How an Open Rear Differential Works: gears, spider gears, and torque distribution

The Engineering Mindset explains the open rear differential used in many cars. The video starts by detailing the main housing and a removable access plate that protects the gears from debris and retains oil for lubrication. When the housing is removed, the drive pinion and ring gear are revealed, along with bearings and the spider gears connected to the side gears. The gears are spiral-cut to increase contact surface, and the video illustrates a gear ratio example of 43 ring teeth to 11 pinion teeth, about 3.9 to 1, and discusses how lower or higher ratios affect fuel efficiency and acceleration. The differential distributes torque to both wheels while allowing different speeds, essential for turning. In straight motion, torque is equal; in a turn, the left wheel speeds up and the right slows down, with the speeds inversely related. The video also connects drivetrain context and references related content on the channel.

Overview

This video provides a detailed look at the open rear differential used in many vehicles, focusing on how the main housing protects internals, retains oil, and enables access through a removable plate. It then delves into the gear train that transfers power from the engine to the wheels, emphasizing the function of the drive pinion, ring gear, spider gears, and side gears.

Key Components and Gear Train

The differential’s main housing surrounds all internal components and is crucial for debris protection and lubrication. After removing the housing, you can see the gears attached to the axles, supported by bearings for smooth rotation. The engine powers the system through the input gear, the drive pinion, which engages the larger ring gear. The gears are spiral-cut to maximize contact surface area, improving strength and efficiency. A specific example in the video notes 43 ring teeth and 11 pinion teeth, yielding a ratio of about 3.9 to 1. A lower ratio favors fuel efficiency, while a higher ratio enhances acceleration, illustrating a key design trade-off for car designers.
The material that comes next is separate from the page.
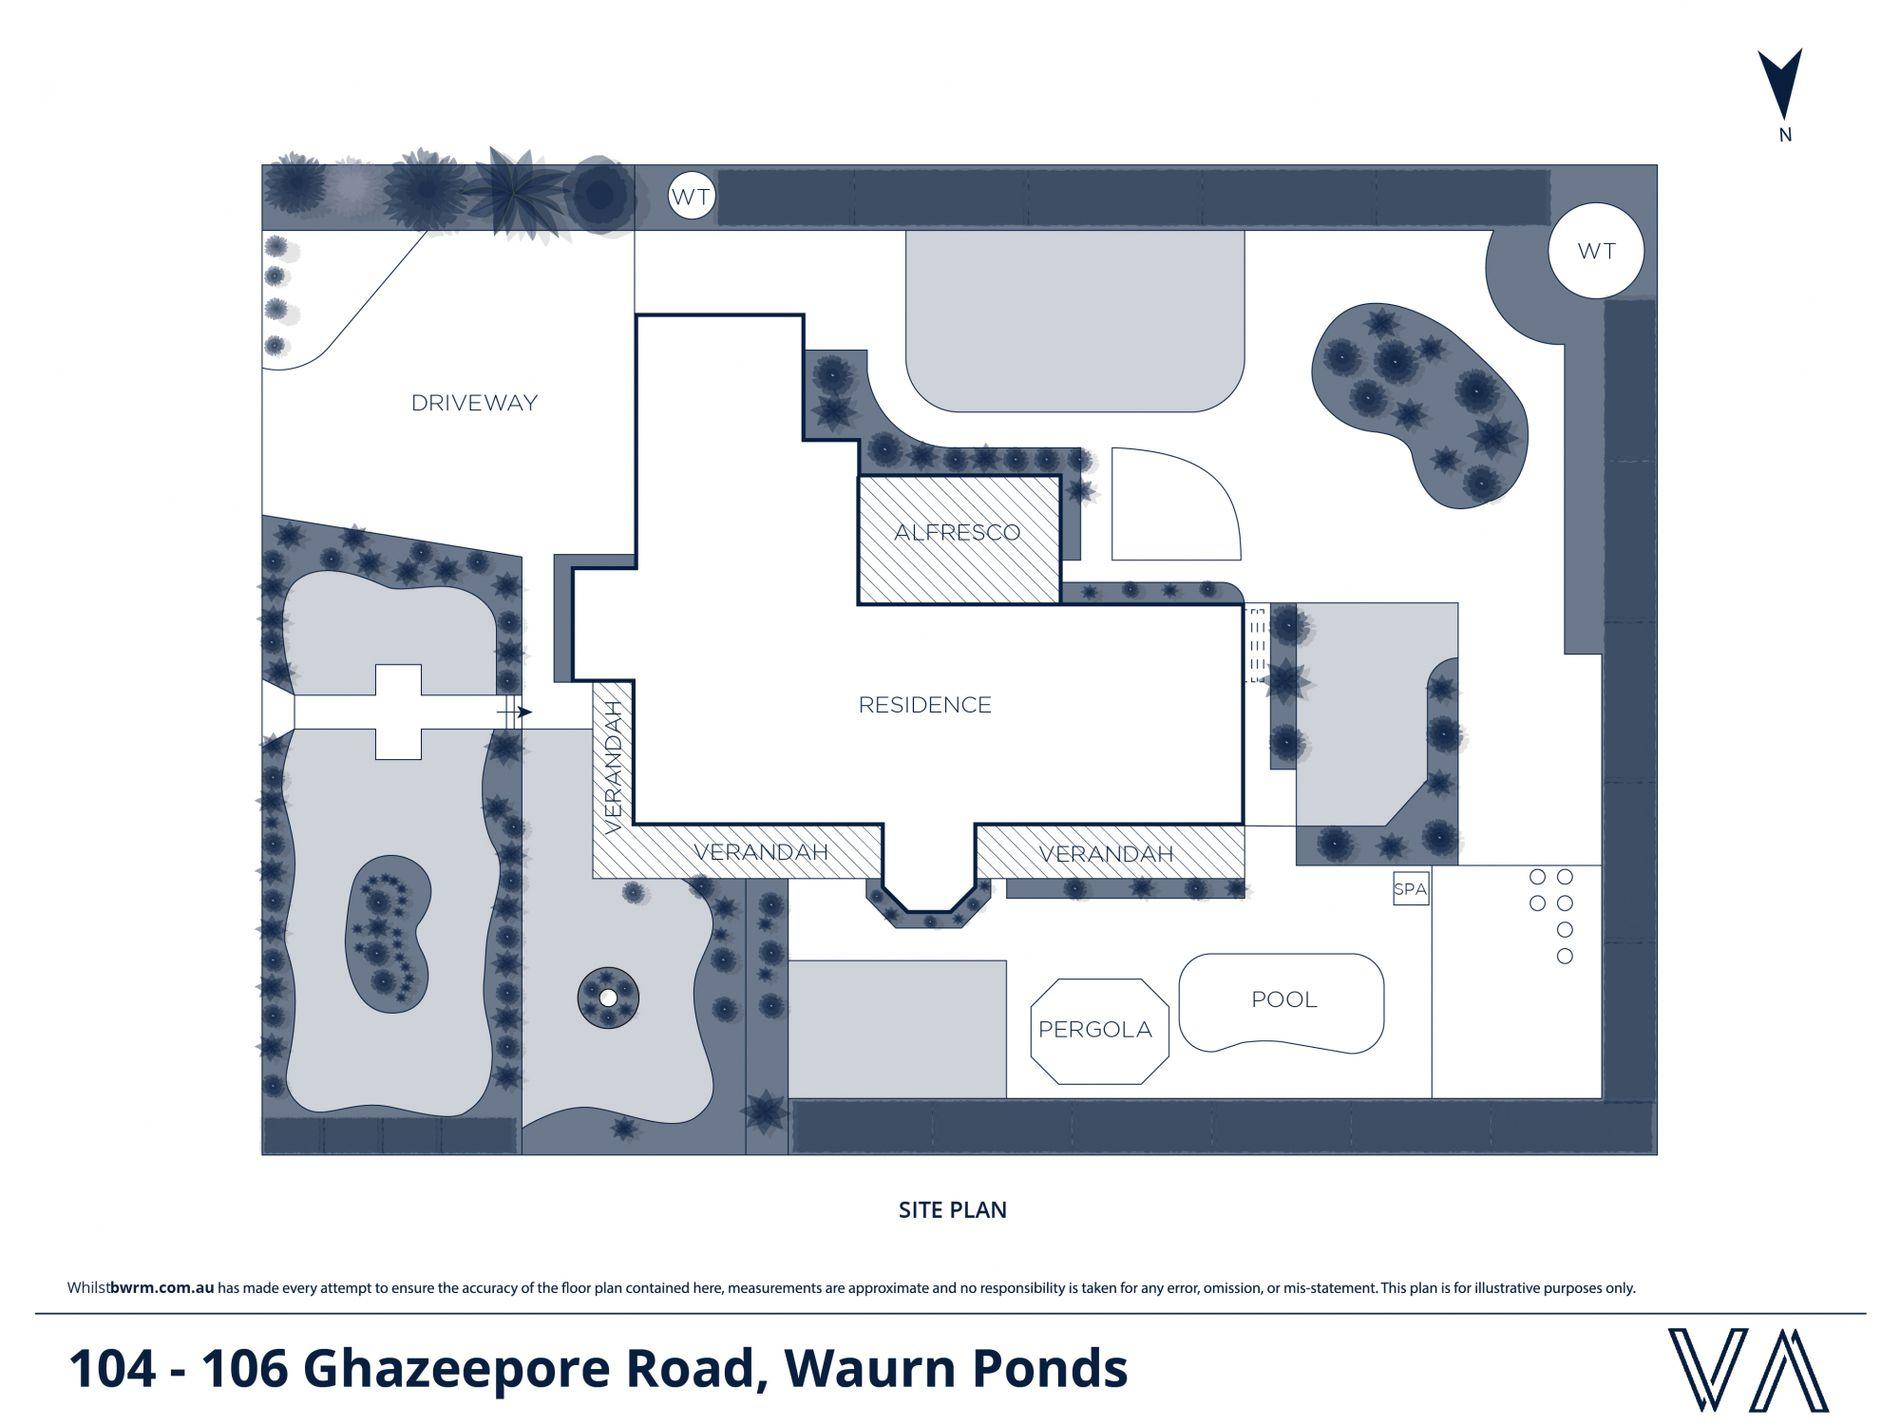 104-106 Ghazeepore Road, Waurn Ponds

Spider Gears, Side Gears, and Torque Distribution

Inside the differential, the ring gear drives two spider gears that are often mounted on a small shaft. The spider gears can rotate on their own axis and interact with two side gears, one connected to each rear wheel axle. The arrangement allows torque to be transferred to both wheels while permitting different wheel speeds, which is essential when the car turns. The spider gears distribute forces evenly between the two wheels via the side gears, coordinating with the axles to propel the vehicle.

How the Open Differential Works in Practice

Looking inside the differential during operation, the drive shaft turns the pinion gear, which turns the ring gear. As the ring gear rotates, the differential casing (to which the spider gears are attached) also rotates. If the car travels in a straight line, the forces are equal on both rear wheels, so the spider gears remain aligned with the casing and no differential action occurs. When turning, the wheels must rotate at different speeds—usually the inner wheel slows down while the outer wheel speeds up. The video demonstrates this with a numerical example, such as straight-line speeds around 300 RPM, then turning where the left wheel might reach 360 RPM and the right 240 RPM. This inverse relationship between wheel speeds is the core function of an open differential, enabling smooth steering while transferring torque to the wheels.

Context within the Drivetrain

The differential is part of the broader drivetrain sequence: engine power moves pistons, drives the camshaft, engages the clutch, and passes through the transmission to the driveshaft, which then enters the rear differential. The video notes that it has covered transmission concepts before and points viewers to related content for a deeper understanding of how power flows from engine to wheels.

Takeaways

Open differentials provide a reliable method for distributing torque while allowing wheel speed differences, which is essential for turning. The gear-cut type, gear ratio, and the arrangement of spider and side gears all influence performance characteristics such as fuel efficiency and acceleration. The video invites viewers to explore more about automotive engineering through linked content and social media channels.